A group of dairy producers in Otter Tail County try get together a few times a month to visit about dairy marketing.   The Ag. Country Farm Credit Services in Fergus Falls is responsible for arranging and hosting the meetings. I do not get to all of them because of other commitments; but I always learn something when I do get a chance to be part of these meetings.  During the group meeting, each dairy producer talks about what they had done or were doing in regards to milk marketing and a good discussion takes place.  Dairy producers like to visit with one another to find out what management practice or product is working or of benefit on someone else's farm.

Following the milk marketing topic, the group discussion usually turns to other issues regarding their dairy operations.  At one meeting in particular, the discussion got around to the people that work on the dairies.  One of the producers present mentioned how important it is to have a good "noticer."  My thought was that this was an interesting label for someone working on the dairy farm.   I did an internet Google search for the word "noticer" and here is what I found from the wordreference.com English Dictionary:

noticer.  A noun.   1 noticer - someone who gives formal notice; 2 noticer - someone who takes notice; "a careful noticer of details".

The definition of number 2 fits the person we were talking about at the meeting. To have a "noticer" as part of the dairy team is to have a very valuable person, whatever size or type of dairy. When you think of all the things that need to be noticed on a dairy farm, the list gets very long.

Let's think of a typical day on your farm; I know, what day is ever typical?  But for the sake of our discussion here, think about the things you do or that need to be done everyday.  When you get to the barn first thing in the morning what, needs to be noticed?  Are all animals doing well at first glance?

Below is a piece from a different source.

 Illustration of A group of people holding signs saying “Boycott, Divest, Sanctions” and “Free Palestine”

Is all of the milking and feeding equipment running and sounding okay? As the milking is being done, are any cows showing signs of heat or possible health issues? When the calves are fed, are there any issues with their health?  Does anything need to be cleaned or changed for the calves?  How are the feed inventories?  Does anything need to be ordered?  As you walk through the barn, is there anything that needs attention?  Any barn cleaning needs? Are there any water leaks or general barn repairs that need to be done?  Are there any immediate electrical wiring needs or long term needs that should be considered?

On your way in for breakfast, observe what needs to be done in regards to the farm yard.  Check the fences or gates to see if they need repair.  Does the fuel barrel need refilling? Are there any flat tires or machinery in need of attention? Are there any equipment or machinery parts that need to be ordered? The list goes on and on.

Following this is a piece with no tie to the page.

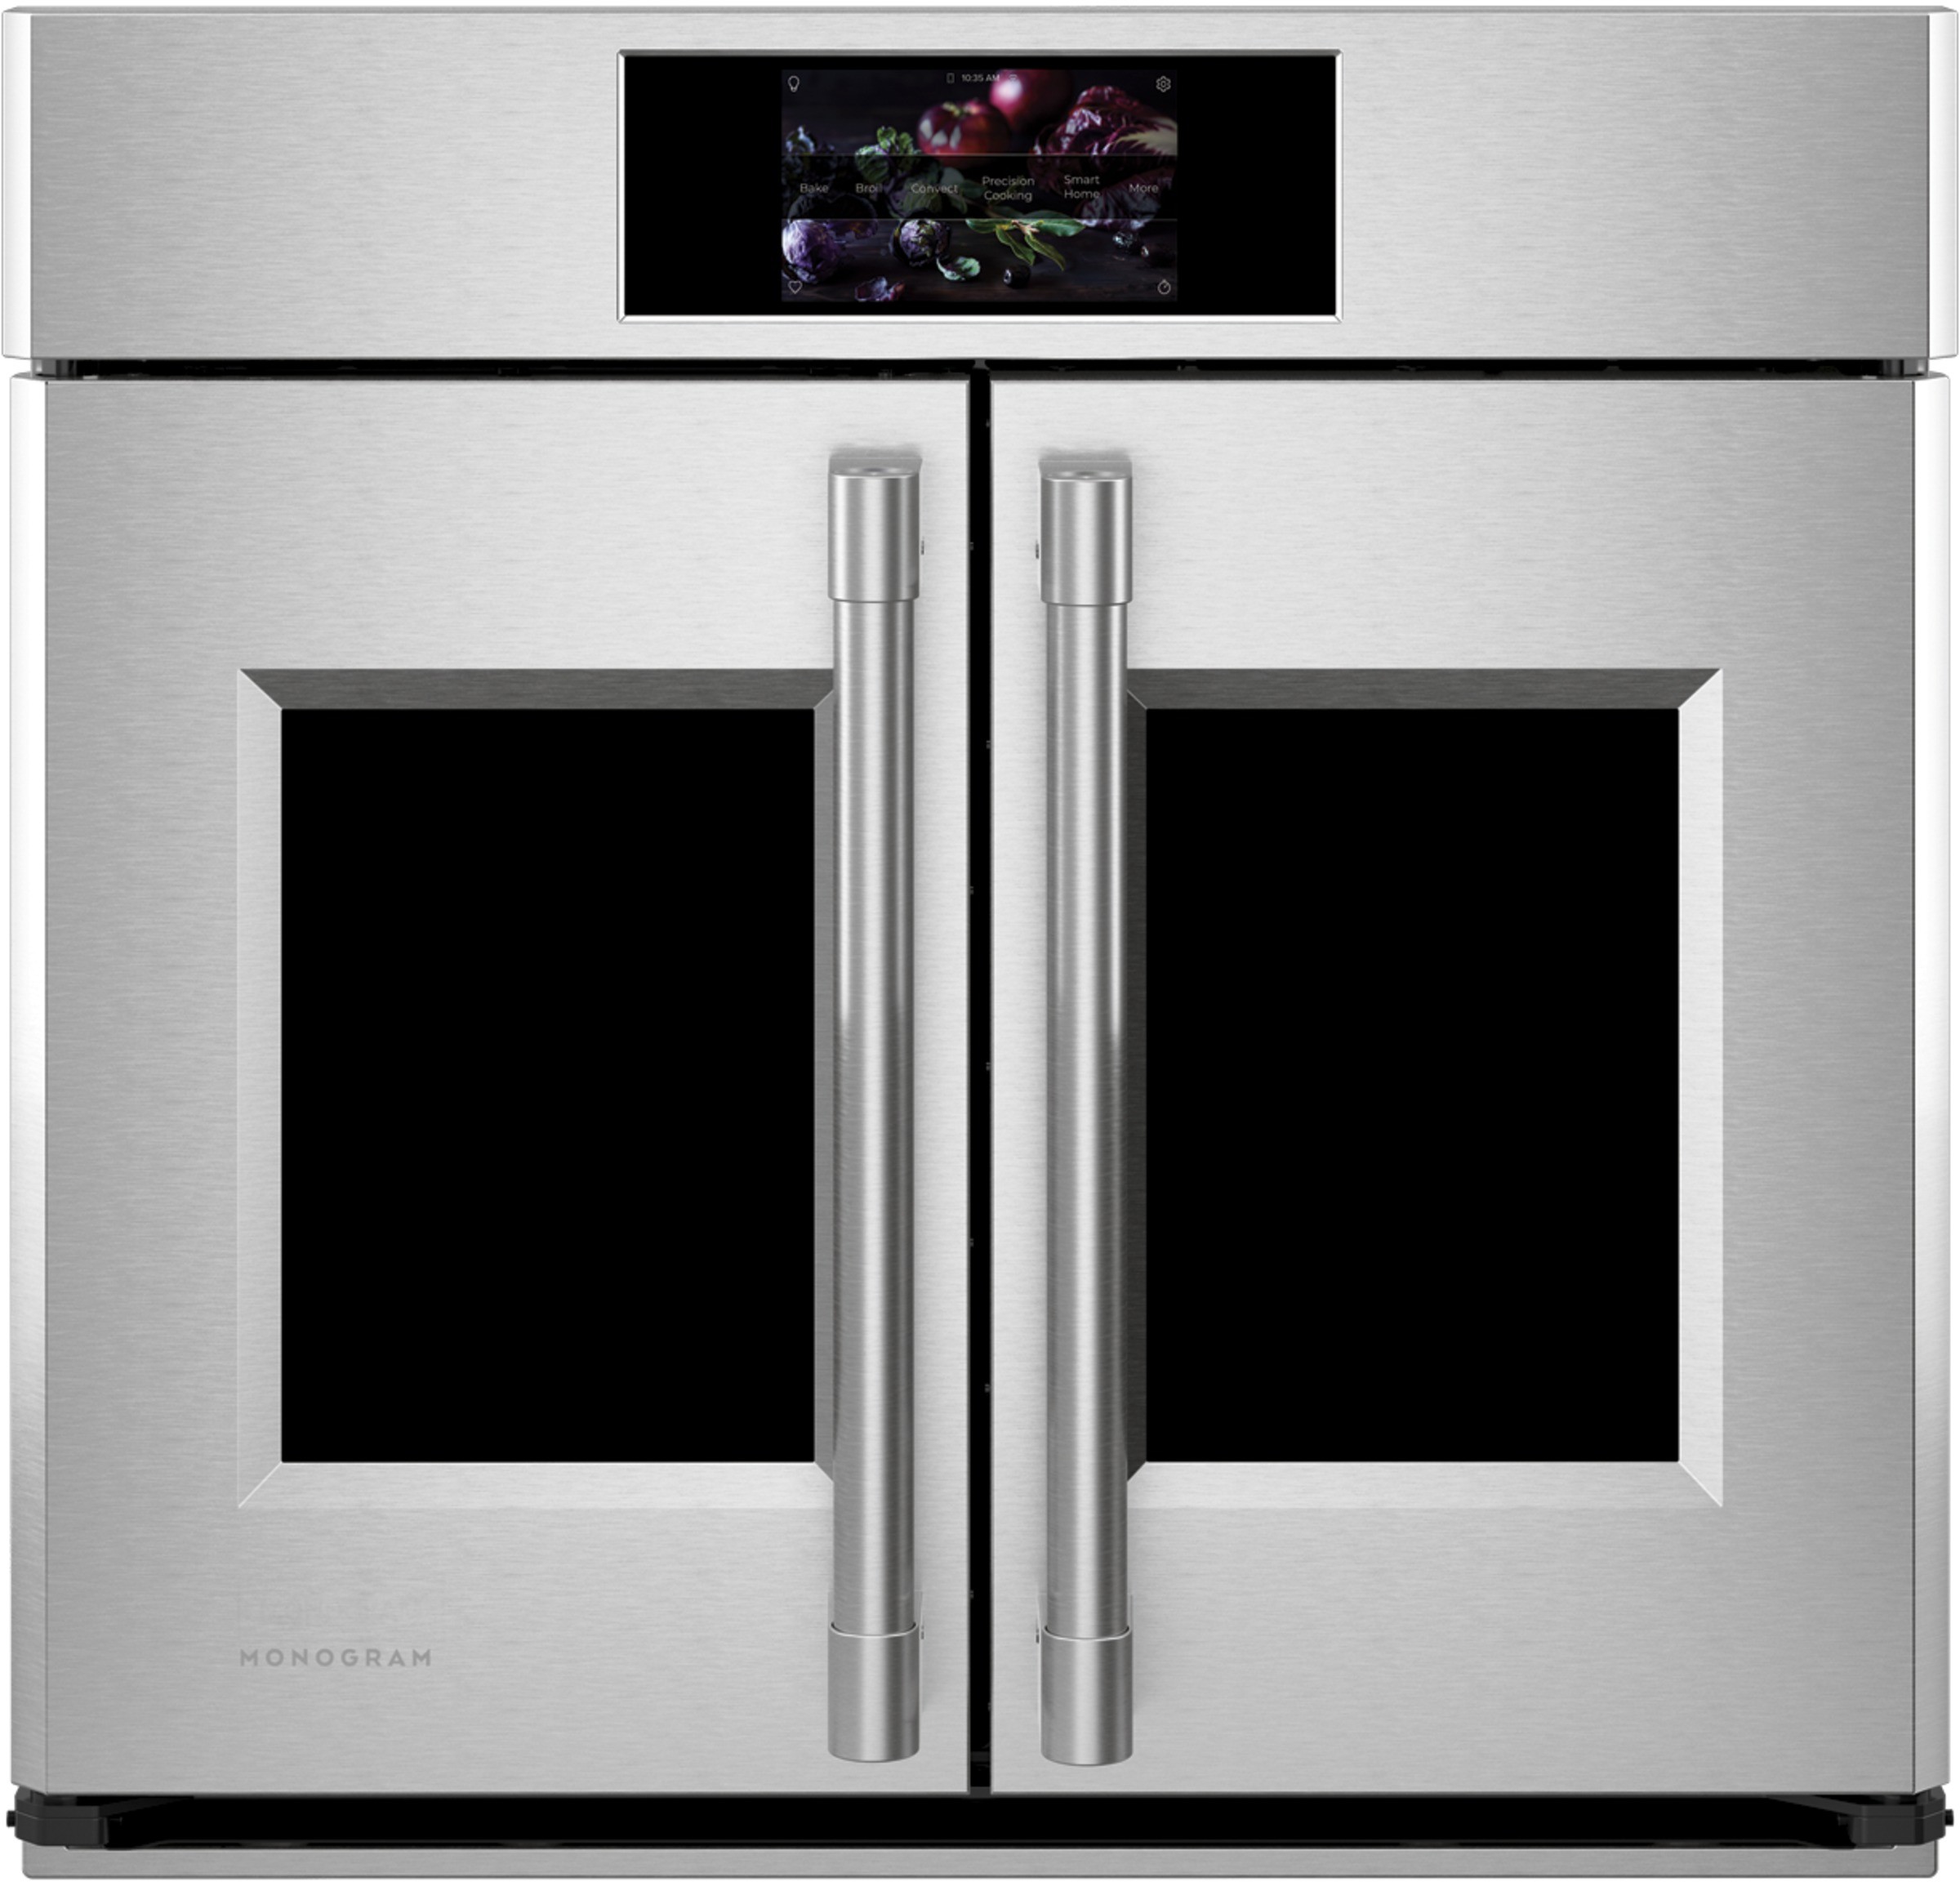 Monogram Statement 30 Single Electric Wall Oven ZTSX1FPSNSS

No doubt, there is the need for a good "noticer" on each dairy farm.  And, you have not even made it to the house for breakfast yet and the "noticer" could have quite a 'things to do' list.  The "noticer" on your farm should have a plan on how to remember all the things noticed that need attention.   That person should have a notebook and pen in his/her pocket to make notes, or have a big white board and markers located in a convenient place on which to write the items noticed so they get done.  Having a "noticer" will be of no value if there is not a plan to get the noticed needs communicated to the proper person to ensure each is appropriately addressed.  The dairy farm manager must make sure the "noticer" system is working, there is a communication method in place, and that appreciation is given or a thank you is extended to all involved. 

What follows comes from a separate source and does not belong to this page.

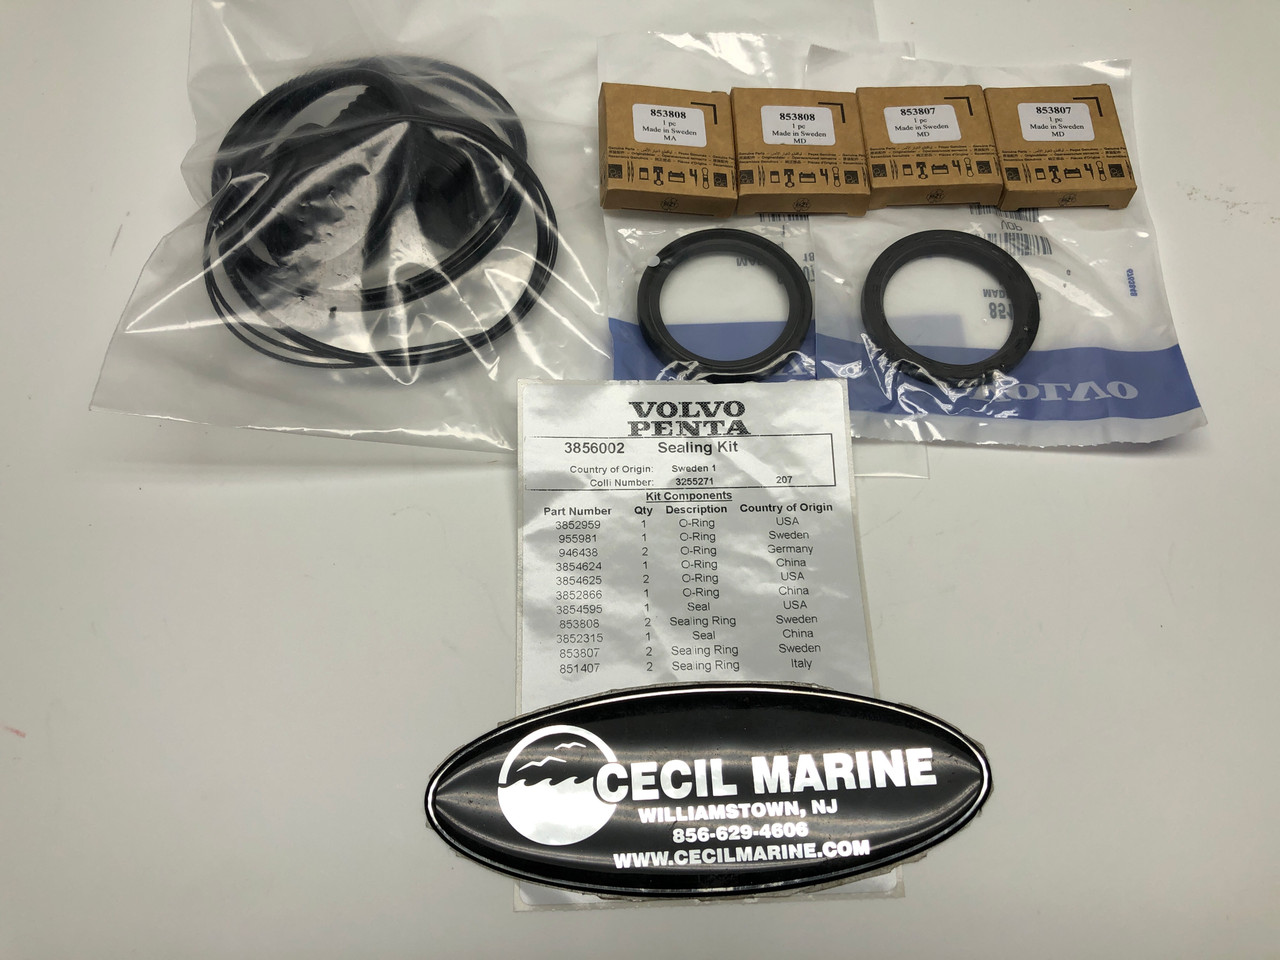 $149.99* GENUINE VOLVO no tax* SEALING KIT FOR DPS-S & DPS-M 3856002 *In Stock & Ready To Ship!

So, a "noticer" can be a very valuable part of any farm team, as our Otter Tail County producer said.  Remember how this management point arose?  It resulted from dairy farmers getting together, talking about what is happening on their farms. The University of Minnesota Extension Dairy Team offers many educational opportunities throughout the year where farmers can get together, hear the latest research information and visit with other dairy producers to learn about such ideas as how to have a "noticer" for your dairy operation.